READ MORE: Why Wendy’s sees McDonald’s fresh change as an opportunity.

The tomatoes will be grown in indoor greenhouse and hydroponic farms from about a dozen suppliers throughout North America, Wendy’s said. This includes the West Coast, Pacific Northwest, Southeast, and Great Lakes regions, as well as Eastern and Western Canada, and Mexico. Nearly all tomatoes will be sourced from the U.S. and Canada.

“We’re making this change for a variety of reasons that will benefit our customers, but taste and quality are the top factors and we are excited about the superior flavors we can achieve with this change,” added Dennis Hecker, senior vice president of quality assurance for Wendy’s. “Additionally, greenhouse farms provide supply predictability and quality assurance benefits—including continuity of supply; protection of crops from harsh weather; safe, indoor growing conditions; and a significant reduction of chemical pesticides used on the plants.”

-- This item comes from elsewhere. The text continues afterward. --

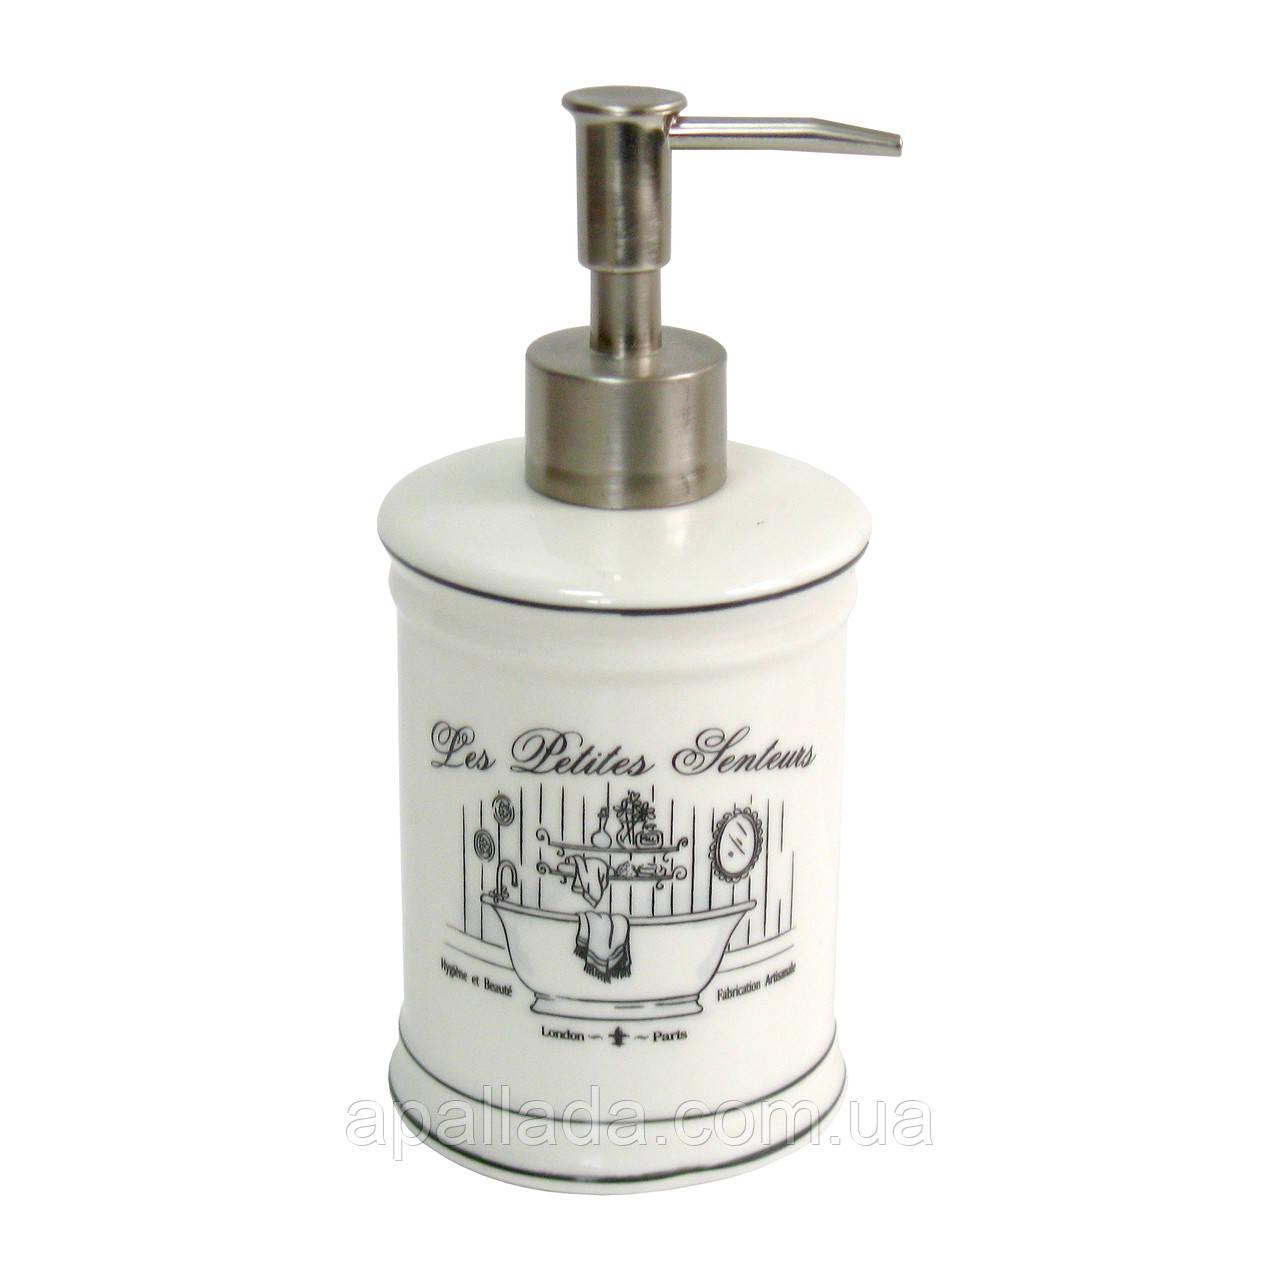 Диспенсер фарфоровий для рідкого мила/лосьйону,18*8см.

Wendy’s said the move will also support local economies by sustaining the agricultural workforce with fresh produce that can be grown year-round in an indoor setting. Additionally, it will offer economic opportunities to regions previously unable to support year-round agriculture production due to geography and climate.

Wendy’s said the tomato supply transition will result in environment and social benefits the company expects to community regularly.

“Expected benefits include the significant reduction of chemical pesticide use, including replacing pesticides with natural integrated pest management practices such as ladybugs; water and land use benefits; safe, indoor working conditions and economic benefits to regions where the greenhouses are located,” Wendy’s said.

The chain is coming off a solid first quarter where same-store sales gained 1.6 percent in North America, giving Wendy’s its 21st consecutive quarter of growth. International systemwide sales lifted 13.7 percent in the quarter, year-over-year. North America sales hiked 2.8 percent compared to the 1.6 percent same-store sales number. Globally, Wendy’s sales were up 3.3 percent.

Wendy’s also reinforced its fresh-beef standing during a May 9 conference call, with president and CEO Todd Penegor saying McDonald’s move to fresh-beef Quarter Pounders was have little or no effect on their business. In fact, it was giving Wendy’s another reason to tell its story.

“We’ve seen that time and again in media and social media dialogue that it comes back to, well, Wendy’s are the folks that really own fresh across their entire lineup,” Penegor said. “And we’ll keep screaming that from the rooftops and making sure that we hold others in check on what’s really happening in the restaurant—do they provide fresh on everything, every day in every restaurant?”